Axios: Impact of Roe v. Wade Reversal Could Extend Far Beyond Abortion

This is the point I have been making.

Abortion is a practice. It was preceded in the 1950s and 1960s by a key cultural shift among our elites toward Left-Modernism. As a practice, the legalization of abortion merely reflects a change in the law that brought our society into line with its new set of dominant values. The same was true of the demise of racial segregation, the postwar trend toward deracination and cosmopolitanism, the legalization of interracial marriage, the triumph of feminism and gay rights, the embrace of birth control, etc. All of these things are the same thing which is elites reordering a society in line with a new set of values.

There is a reason why all of these massive cultural shifts which broke with centuries of tradition all occurred around the same time. These shifts have always been linked to a change in elite values. Modernism with its romanticization of the inner world of the self, self-expression and cultural liberation and egalitarianism infected postwar elites and became ascendant in this era.

Axios:

“The implications of Roe v. Wade being overturned could stretch far beyond accessing an abortion.

Why it matters: Patients experiencing early miscarriages, ectopic pregnancies, or life-threatening medical conditions could also lose access to timely care, experts said Tuesday. …”

Eric P. Kaufmann described this key cultural shift in his outstanding book, The Rise and Fall of Anglo-America.

The legal reasoning that established Roe v. Wade as the law of the land also triggered a cascade of social revolutions that ripped apart the social fabric.

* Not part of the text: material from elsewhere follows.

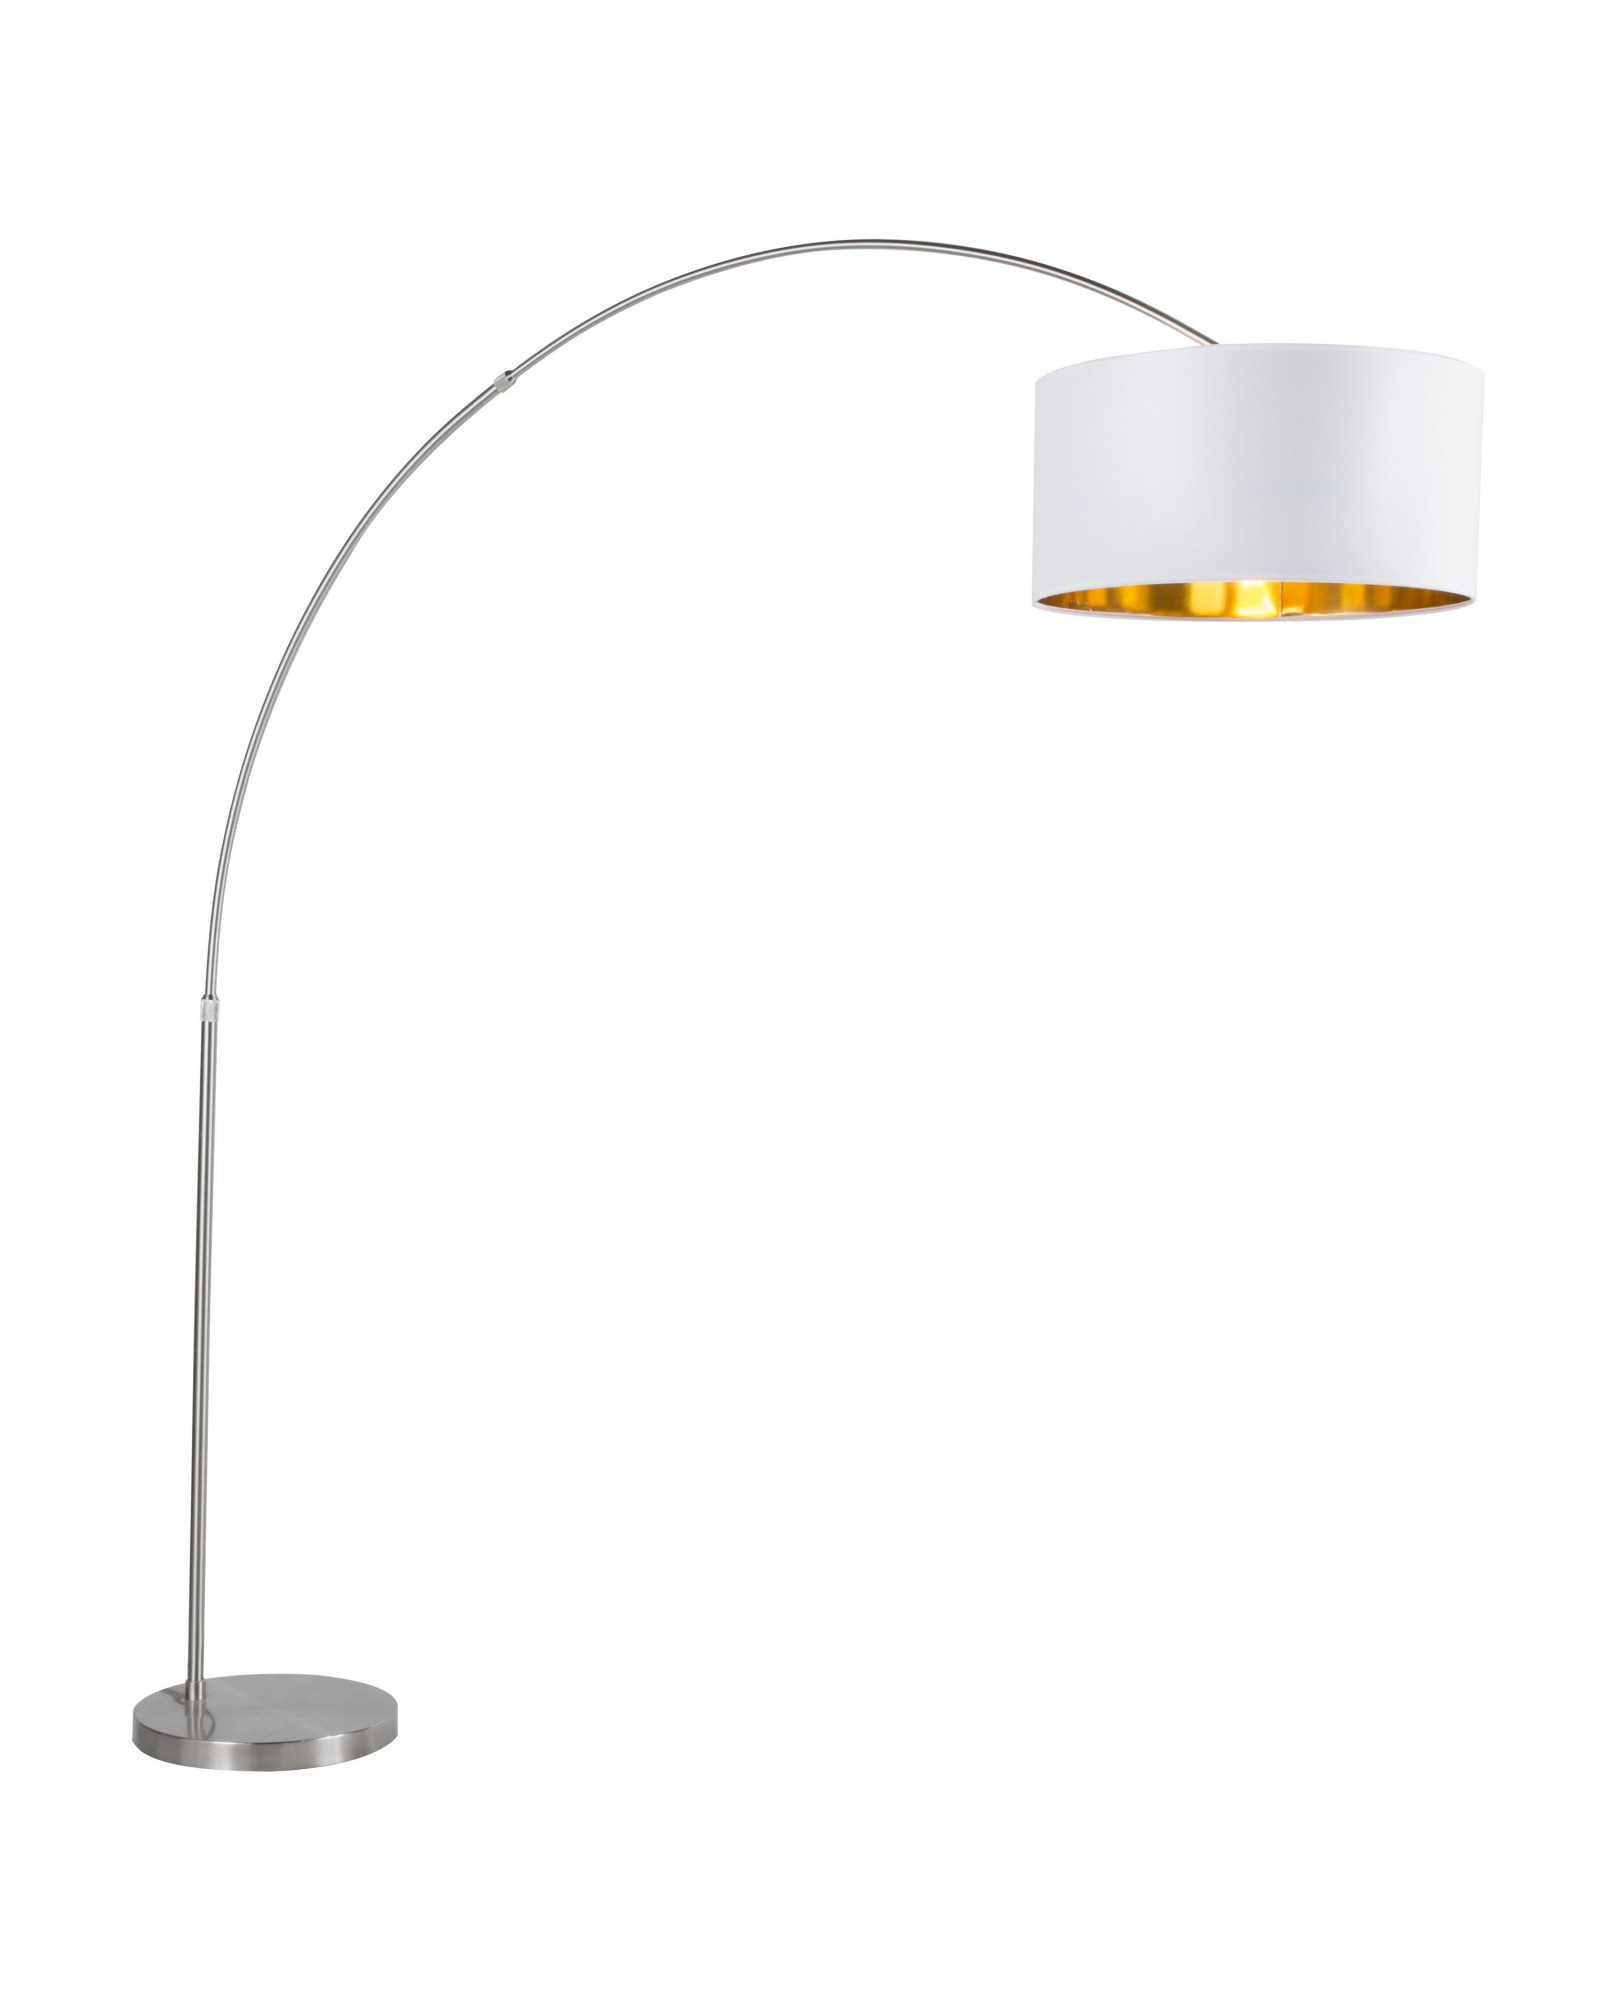 Salon Contemporary Floor Lamp with Satin Nickel Base and White Shade with Gold Accent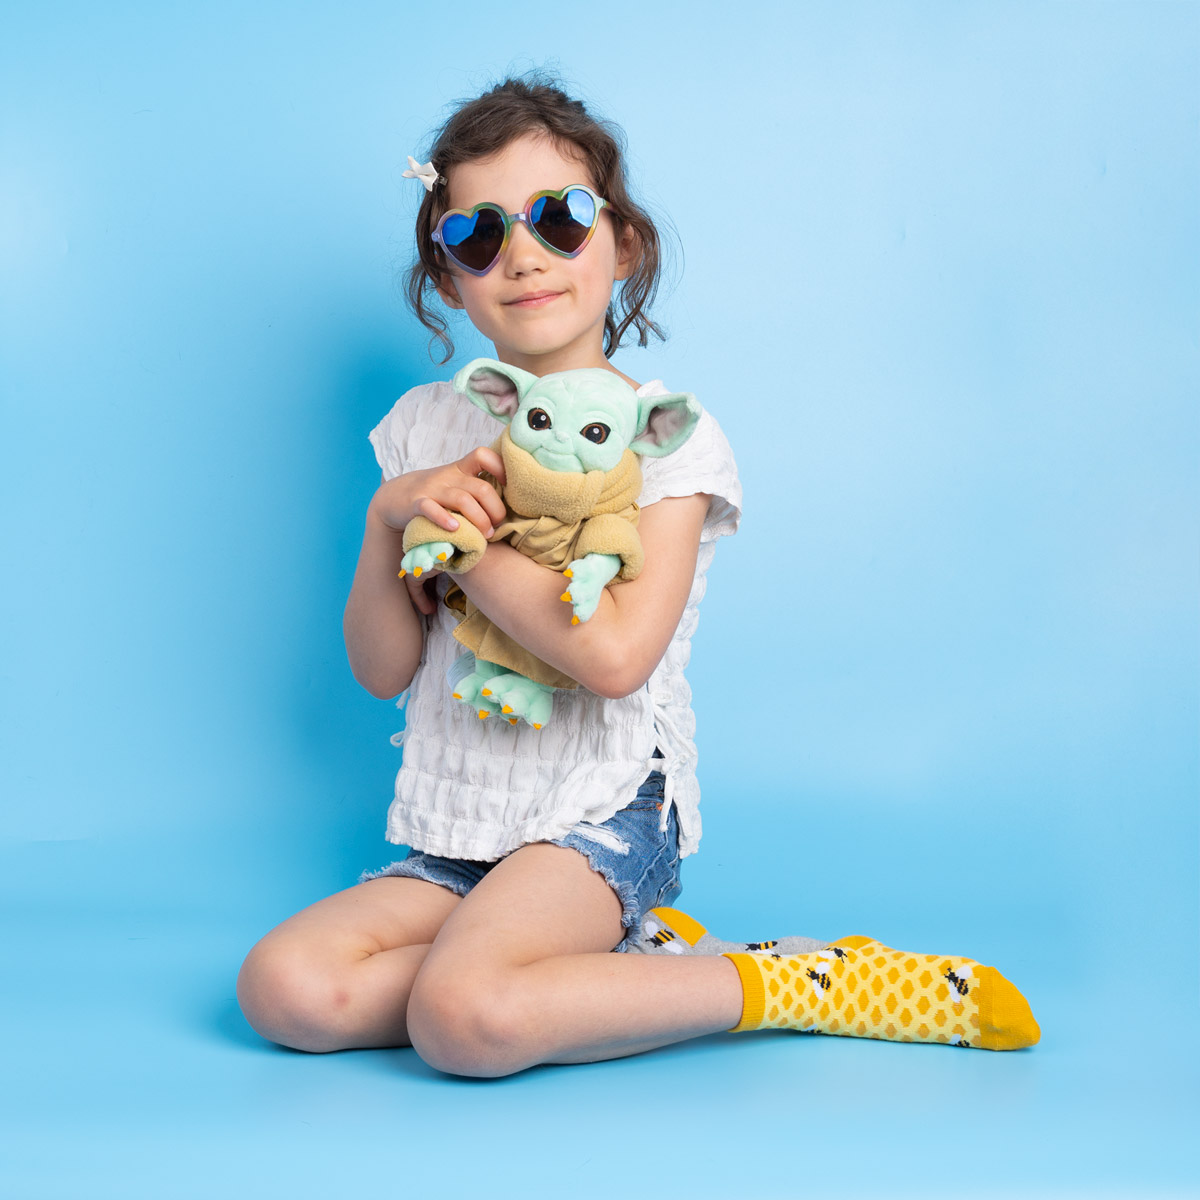 A child sitting on her knees while holding a Grogu doll and wearing blue heart shaped sunglasses.

Among other things, we live in a culture which not only tolerates, but celebrates everything from deracination to antiracism to multiculturalism to cosmopolitanism to legal abortion to birth control to homelessness to drug abuse to suicide to gay marriage to “trans” to divorce to blasphemy, and so on. Every conceivable category of hardcore pornography is easily accessible on the internet. This is an extremely radical cultural shift which represents a very hardcore version of expressive individualism. It is bizarre and stands out both as a severe break from other world cultures and our own history.

About Hunter Wallace 12394 Articles
Founder and Editor-in-Chief of Occidental Dissent

13 Comments

  1. I appreciate your view of legalized abortion as a manifestation of a wider societal/cultural iconoclasm.

    As a practice, the legalization of abortion merely reflects a change in the law that brought our society into line with its new set of dominant values.

    Or as I suggested before, it can be seen as part of a switch from a Christian to a secular moral framework — there can be no question of abortion ever being acceptable in Christian morality — my own feeling about abortion has been uneasy acquiescence to the Roe status quo (‘pro choice’), yet I always regarded abortion as immoral and conceded the moral high ground to the ‘pro life’ side.

    • “as I suggested before, it can be seen as part of a switch from a Christian to a secular moral framework”

      No, to a Jewish moral framework.

    • The pro-life side may hold the moral high ground (I have my doubts about that) but many of them are thoroughly unlikable. I once heard an argument that true Christians should not be upset about the deaths of the unborn, because their souls are so pure and uncorrupted that they immediately fly into the embrace of God.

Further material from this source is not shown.